Saturday, June 13, 2015

New Arrivals: More From Siglio Press




Richard Kraft, Her Comes Kitty: A Comic Opera

Here Comes Kitty reaches out in all sorts of ways like a compendium of the postmodern without pretentiousness which—despite combining humor, the erotic, the gothic, the wry, the popular and the sophisticated—tells a tight tale with wild invention and makes you want both to turn the pages and dwell on the images.
—Tom Phillips




In this wildly irreverent collage narrative, artist Richard Kraft reassembles a Cold War comic about a Polish spy infiltrating the Nazis to orchestrate a multiplicity of voices into joyous cacophony. Like an Indian miniature painting, each comic book page is densely layered, collapsing foreground and background, breaking the frame and merging time.
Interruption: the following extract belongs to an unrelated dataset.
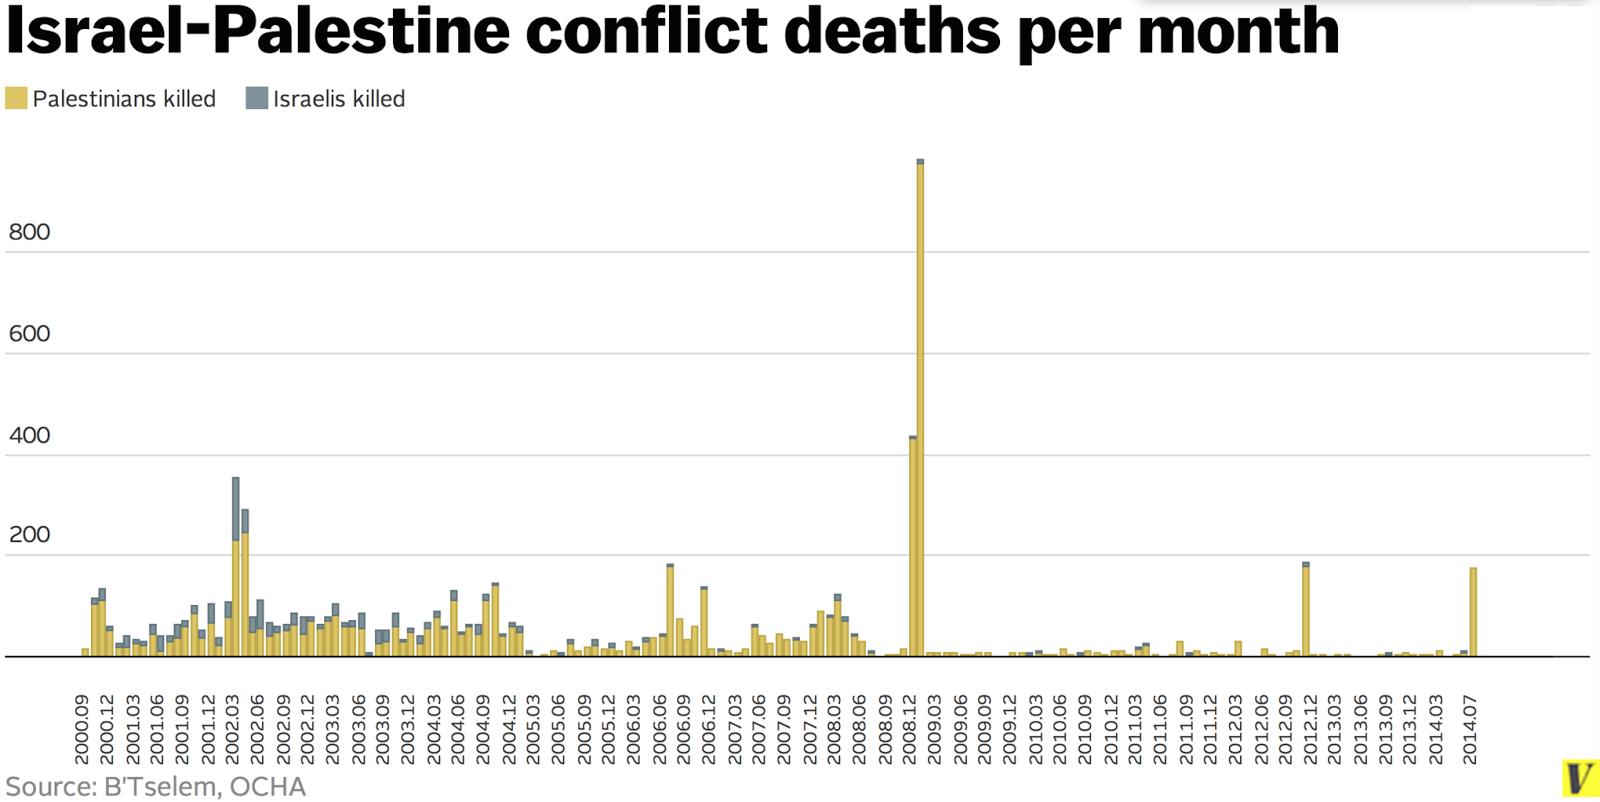 Palestinian vs Israeli deaths since 2000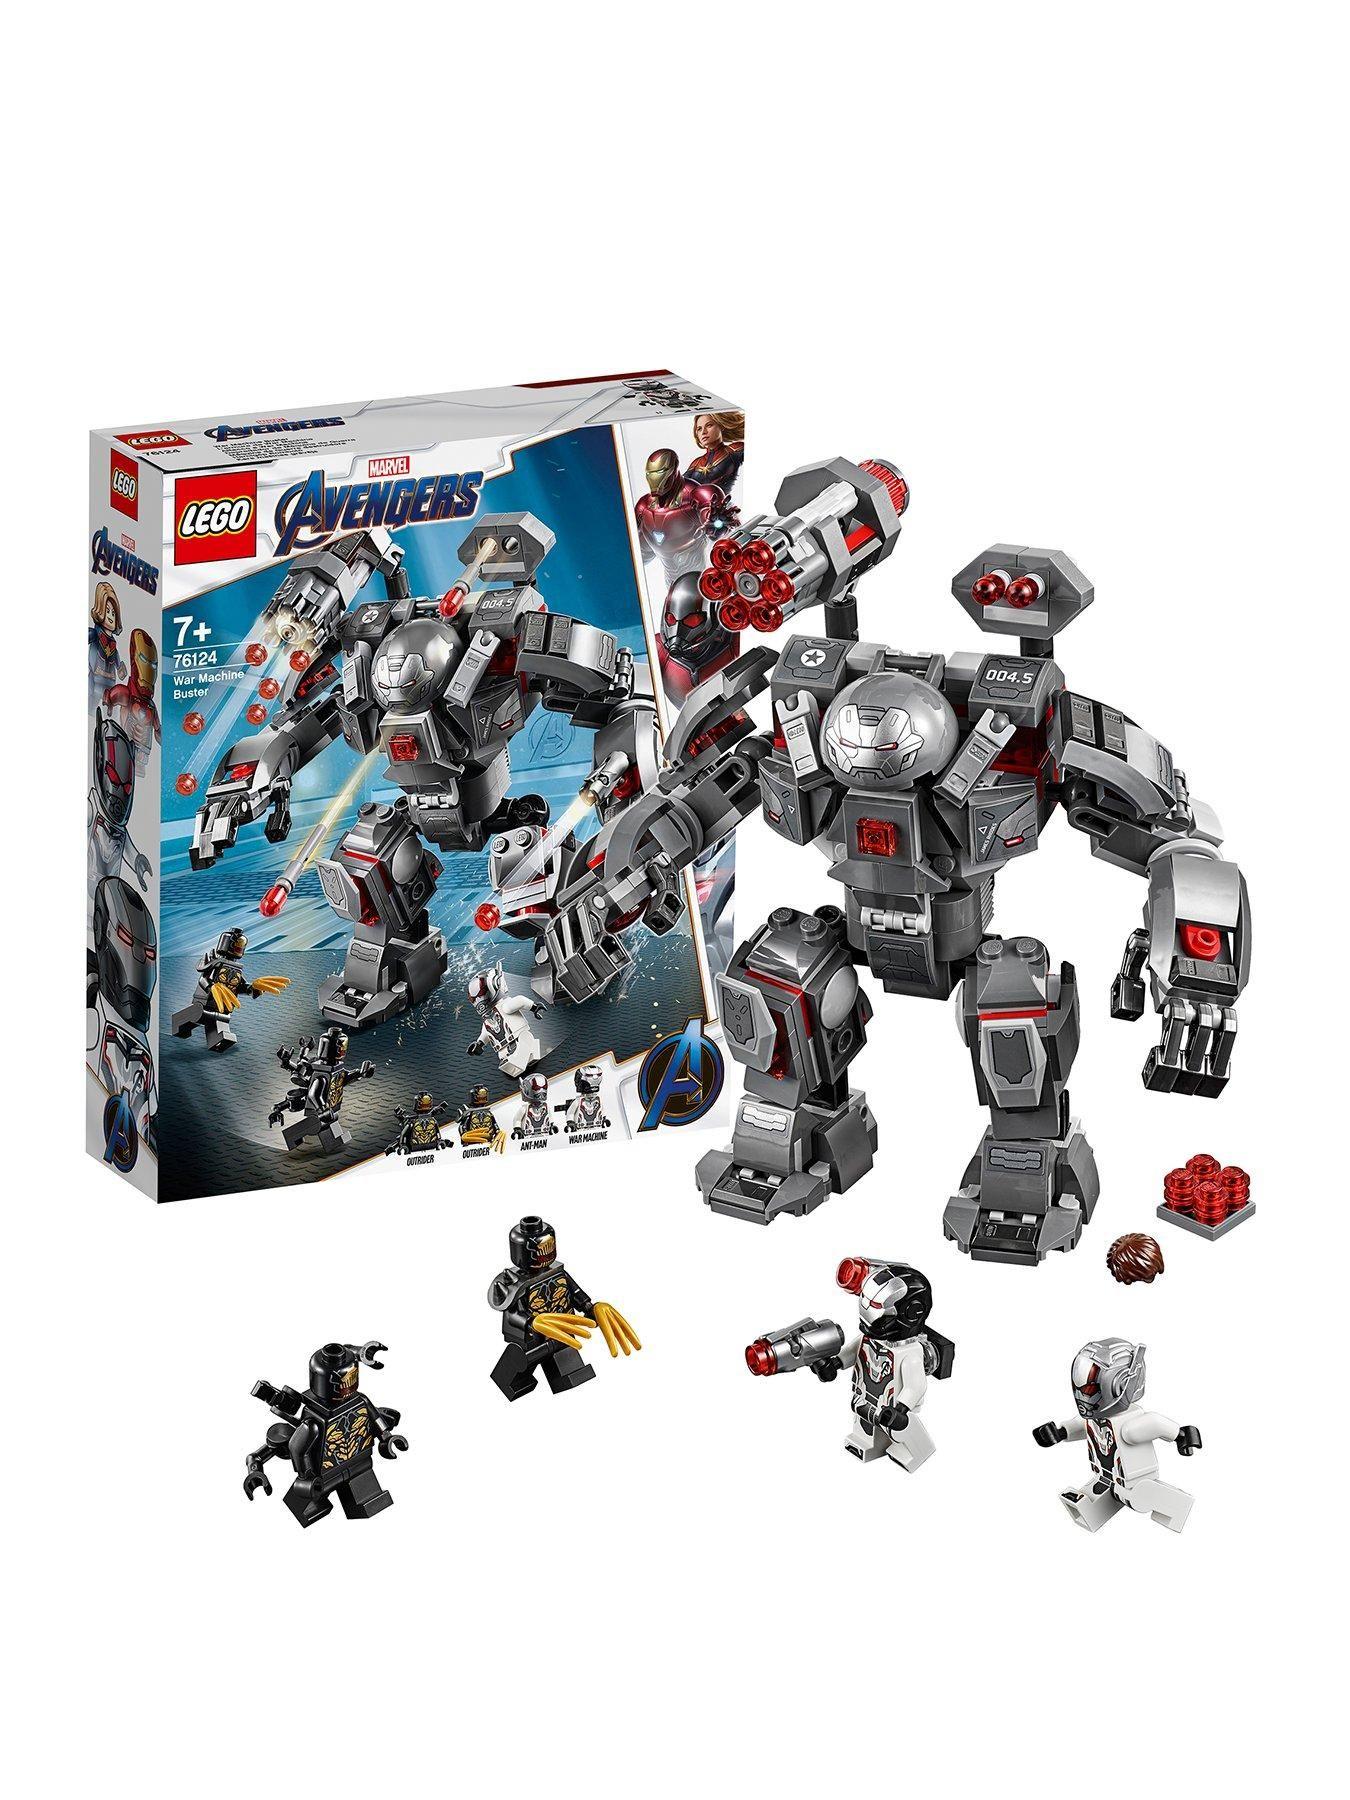 LEGO Avengers Endgame Lot of 2 Outrider Minifigures 76124 Mini Figs

An unlikely and enormous cast of characters emerges as Kraft appropriates images and texts from an extraordinary variety of sources (the Amar Chitra Katha comics of Hindu mythology, Jimmy Swaggart’s Old and New Testament stories, the 1960s English football annual Scorcher, and underground porn comics like Cherry as well as images from art history, outdated encyclopedias, and more).
Proceeding from Thoreau’s observation, “Yes and No are lies. A true answer will not aim to establish anything, but rather to set all well afloat,” Kraft subverts all certainty to reconstruct a world constantly in flux, rich with dark humor and its own revelatory nonsense. Author Danielle Dutton’s set of sixteen interpolations punctuate the book using similar strategies of appropriation and juxtaposition to create texts that sing in the same arresting register as Kraft’s collages. Here Comes Kitty also includes a wide-ranging conversation between Kraft and poet Ann Lauterbach. -Siglio





Tantra Song: Tantric Painting From Rajasthan

It could be a cult classic: the debut edition of Siglio Press’s Tantra Song—one of the only books to survey the elusive tradition of abstract Tantric painting from Rajasthan, India—sold out in a swift six weeks. The works depict deities as geometric, vividly hued shapes and mark a clear departure from Tantric art’s better-known figurative styles. They also resonate uncannily with lineages of twentieth-century art—from the Bauhaus and Russian Constructivism to Minimalism—as well as with much painting today. Rarely have the ancient and the modern come together so fluidly.
—Lauren O’Neill-Butler, THE PARIS REVIEW



Tantra Song is a singular and revelatory collection of rare Tantric paintings made anonymously by adepts in Rajasthan and used to awaken heightened states of consciousness. The paintings’ magnetic, vibratory beauty—as well as their deep affinity with 20th century abstract art—inspires acute attention and boundless contemplation.
The paintings are the progeny of hand-written, illustrated religious treatises from the 17th century which have been copied over multiple generations. Like musicians playing ragas of classical Indian music, adepts paint in a concentrated state of mental rapture, repeating and subtly reinterpreting melodic structures of line and color. When complete, the paintings—made in tempera, gouache, and watercolor on salvaged paper—are pinned to the wall to use in private meditation.
Having spent more than two decades in conversation with the private communities of Rajasthani tantrikas, Jamme—like other poet-ethnographers Michaux, Leiris, and Bataille before him—draws on an unconventional body of knowledge. His accompanying texts—concise and luminous—further open readers to the paintings’ subtle magic.